Panda Bear & Sonic Boom
(Big Top, 11.00pm, Friday)
Animal Collective’s angelic, Wilsonian singer-creator, Noah “Panda Bear” Lennox, and the one-time Spacemen 3 man Peter “Sonic Boom” Kember both live in or near Lisbon, Portugal and collaborate regularly, though never more symbiotically than on Reset, one of MOJO’s albums of 2022. This year they’ve been playing their album, live, from start to finish and encoring with choice cuts from both artists’ solo catalogues. That makes their shows sound schematic, but MOJO’s experience is of an ever-evolving presentation, growing more powerful with every visit. Beginning with samples from (by and large) early ’60s 45s in the Boom collection, their Reset songs become epic blooms that channel the innocence and minimalism of early rock, finding a seed of psych in each and coaxing it into full flower. Their late-night End Of The Road set was the festival highlight of most who saw it. “Everly Brothers on acid!” said one sparkly-eyed convert. Although hallucinogens may have been ingested.
Wet Leg
(Woods Stage, 7.30pm, Saturday)
The penultimate set of the festival’s main stage bill on Saturday evening had been ringfenced for a Mystery Artist – and the secret was well kept until early afternoon on the day. End Of The Road plays a part in the Wet Leg story, as the idea for the band was hatched by its main protagonists at a previous EOTR (co-writing guitarist Josh Mobaraki also hails from nearby Salisbury) – of which main singer Rhian Teasdale reminded us early doors, after apologising for a very heavy cold.

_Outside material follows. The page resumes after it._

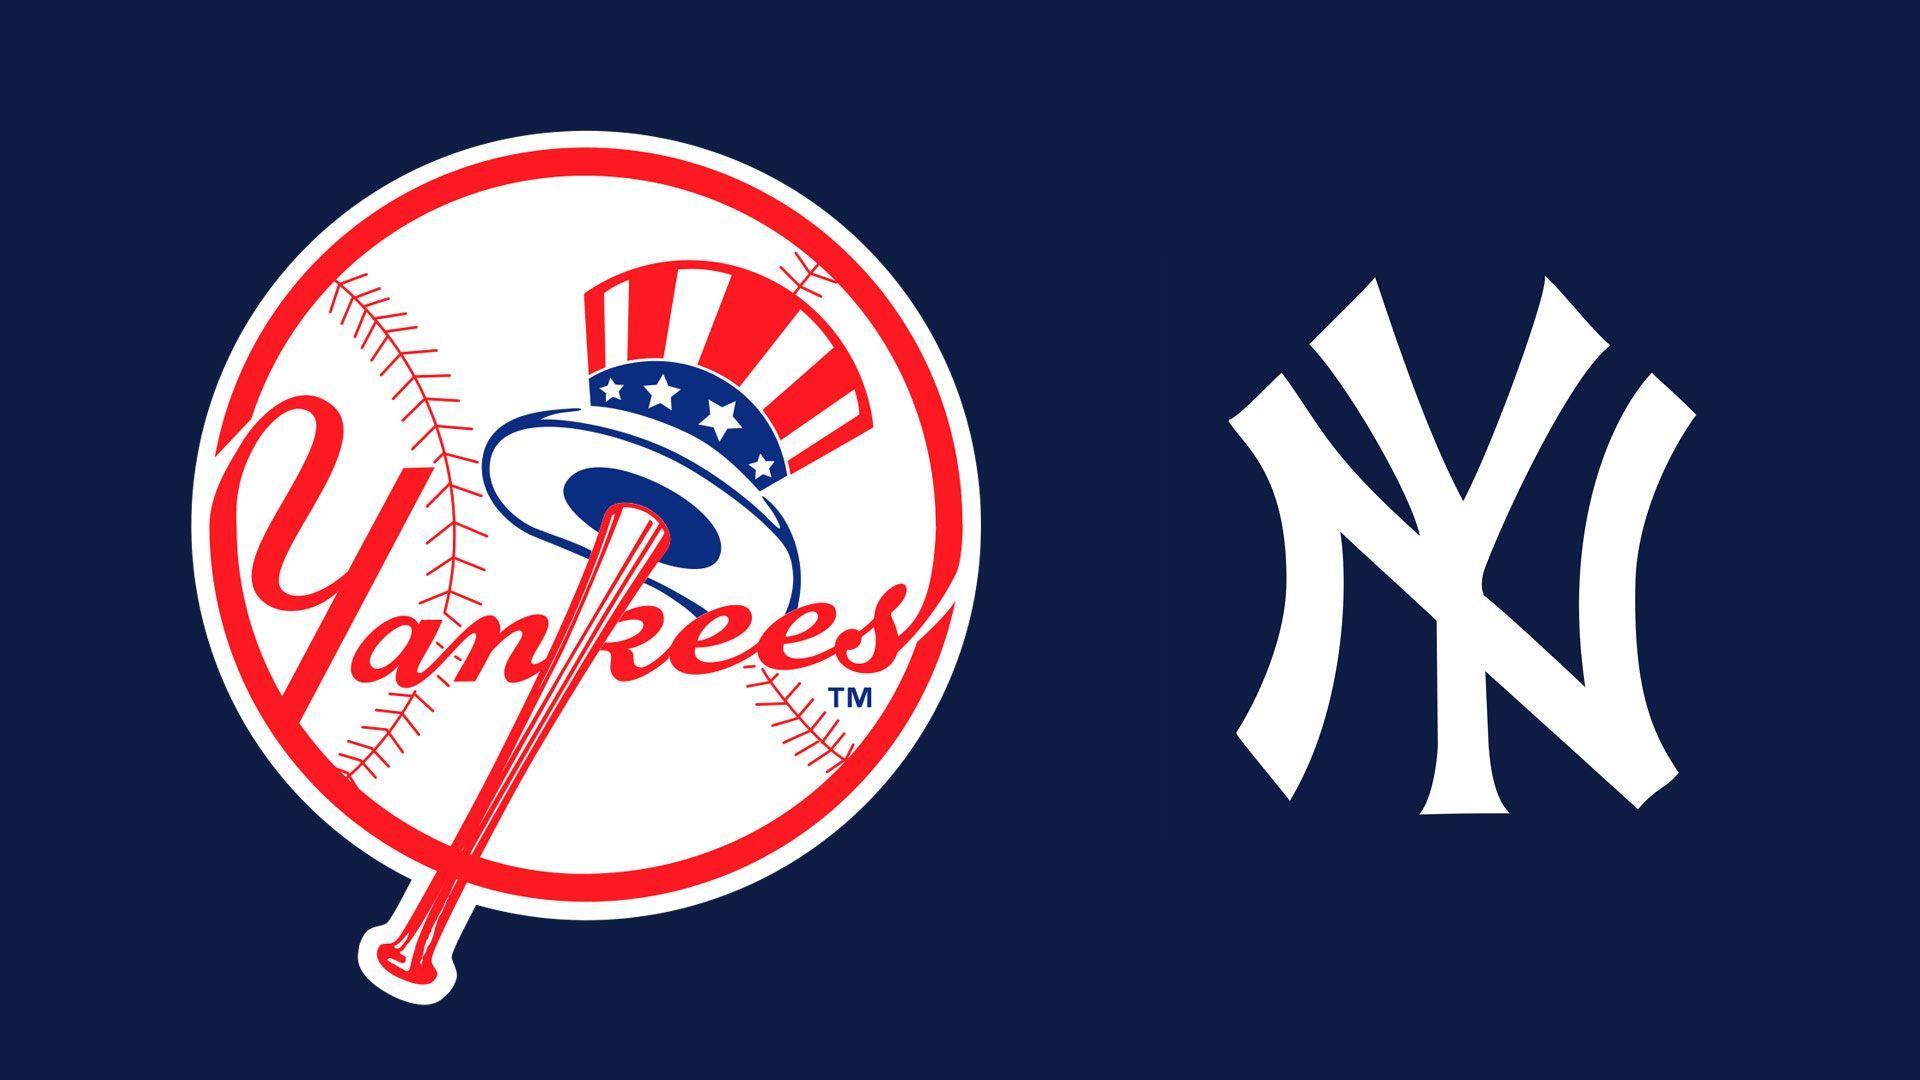 Mlb New York Yankees Logo 1920x1080 Wallpaper New York Yankees

But actually, Wet Leg needed no apologies. With more buzz, charisma, fun factor, breadth of appeal and recent album sales to Wet Leg’s name than more or less any other act appearing over the weekend, MOJO felt sorry for The Anchoress, whose set overlapped in the Big Top tent, and Future Islands, obliged to headline the Woods above them. And that was before they proceeded to dispel any lingering impressions of them as novelty lightweights. Saw-toothed, well-drilled, loud and heavy, they sounded more like a top-drawer early-’90s grunge-pop band than their records suggest. While their quirks (when guitarist and co-writer Hester Chambers sang verses, she covered her eyes, as if blocking out the crowd) reminded us that, in many ways, there’s never been a band quite like Wet Leg.

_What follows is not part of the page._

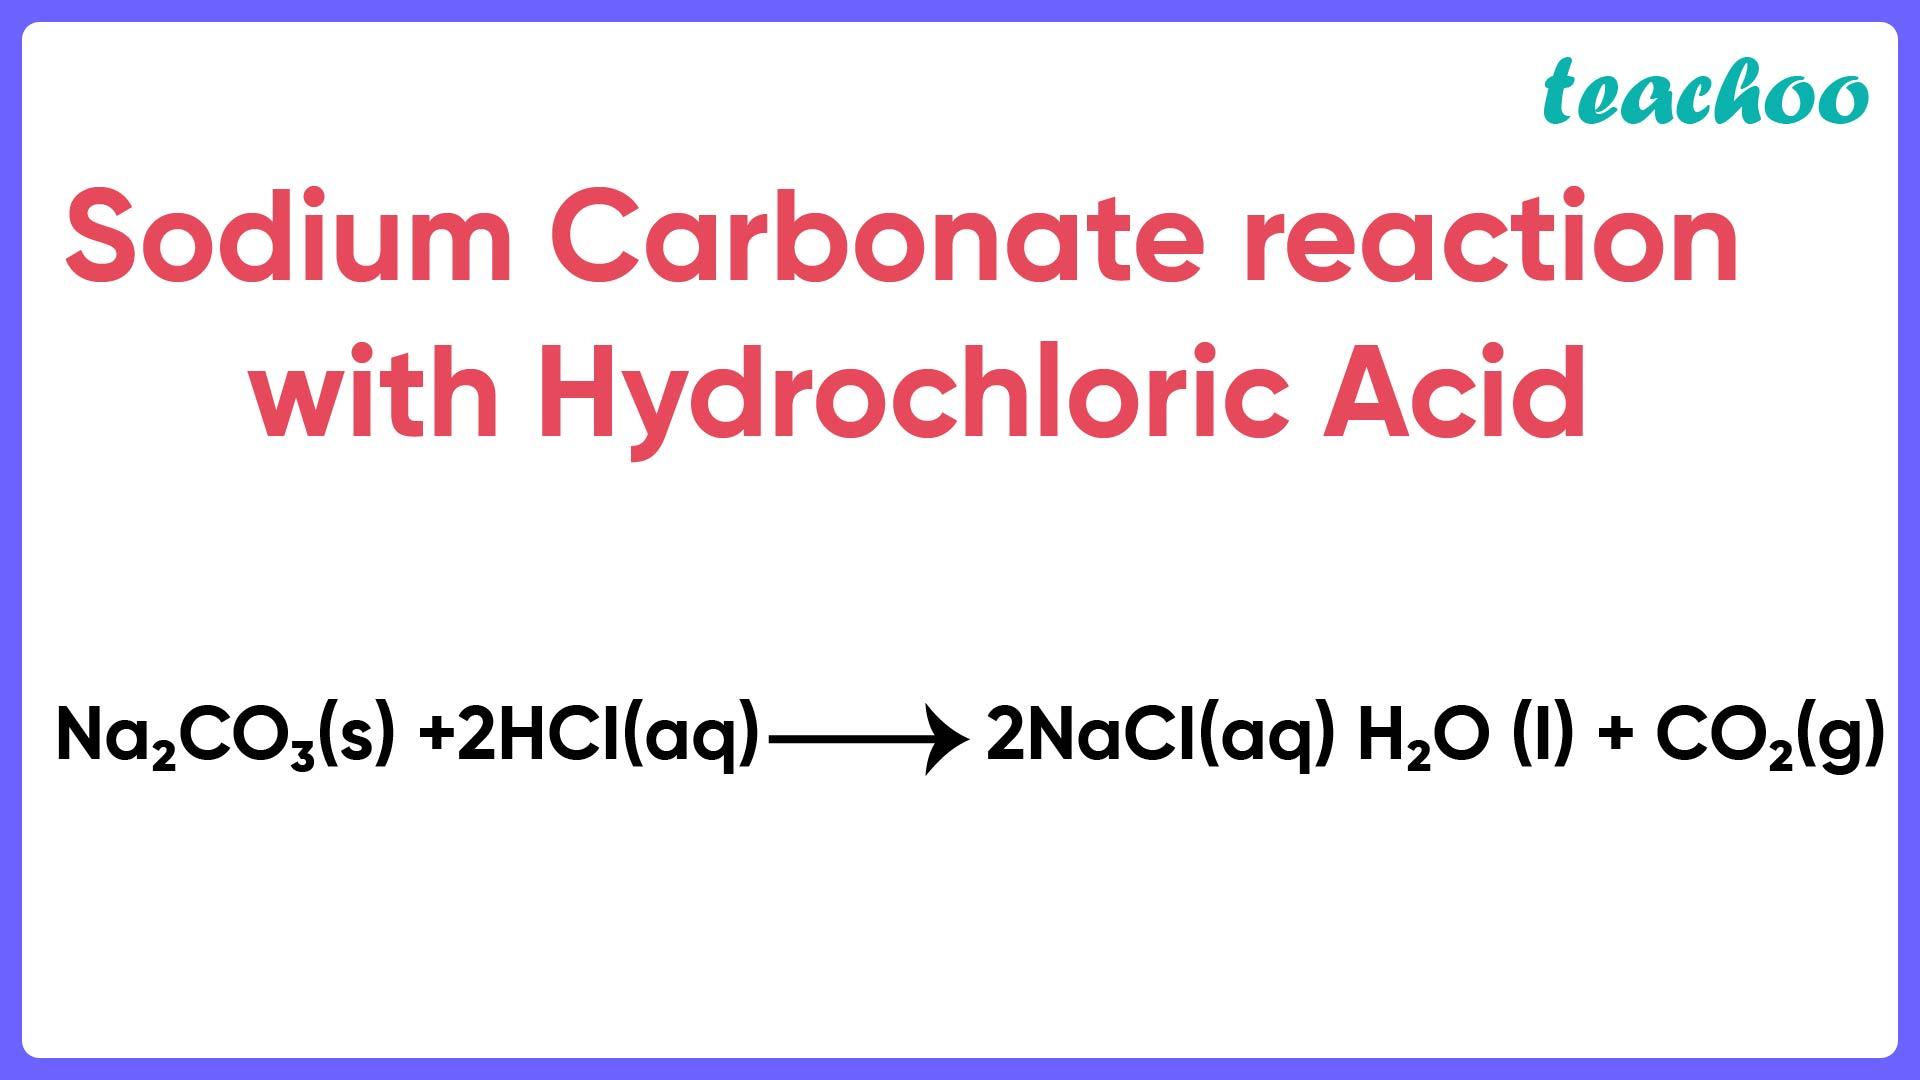 Sodium Carbonate reaction with Hydrochloric Acid - Teachoo.jpg

Alogte Oho & His Sounds Of Joy
(Garden Stage, 4.30, Sunday)
MOJO’s World Music correspondent David Hutcheon had urged, “Whatever you do, don’t miss Alogte Oho,” and we were wise to heed his advice. Northern Ghanaian Oho is a gospel man, with much pointing to the heavens to make clear the inspiration for his songs, but there was no need for a pre-existing religious bent to feel saved by his mid-afternoon set on the festival’s final day. Reggae, soul, funk (A Lemine Me gave off hints of Curtis Mayfield) and highlife melted together in a high-energy cocktail founded on drums and bass-synth, fired by inspired saxophone and trumpet duelling, and brought home by the laser intercessions of two female co-singers with the most insane time-keeping imaginable. Meanwhile, When the spirit moved him, which was often, Oho would spin around and his pleated tunic would lift up like a rah-rah skirt. The stereotype of the End Of The Road audience as attentive but polite was overturned, as rump-shaking abandon of all sorts was observed. Again, not quite Woodstock, but not a million miles away, either.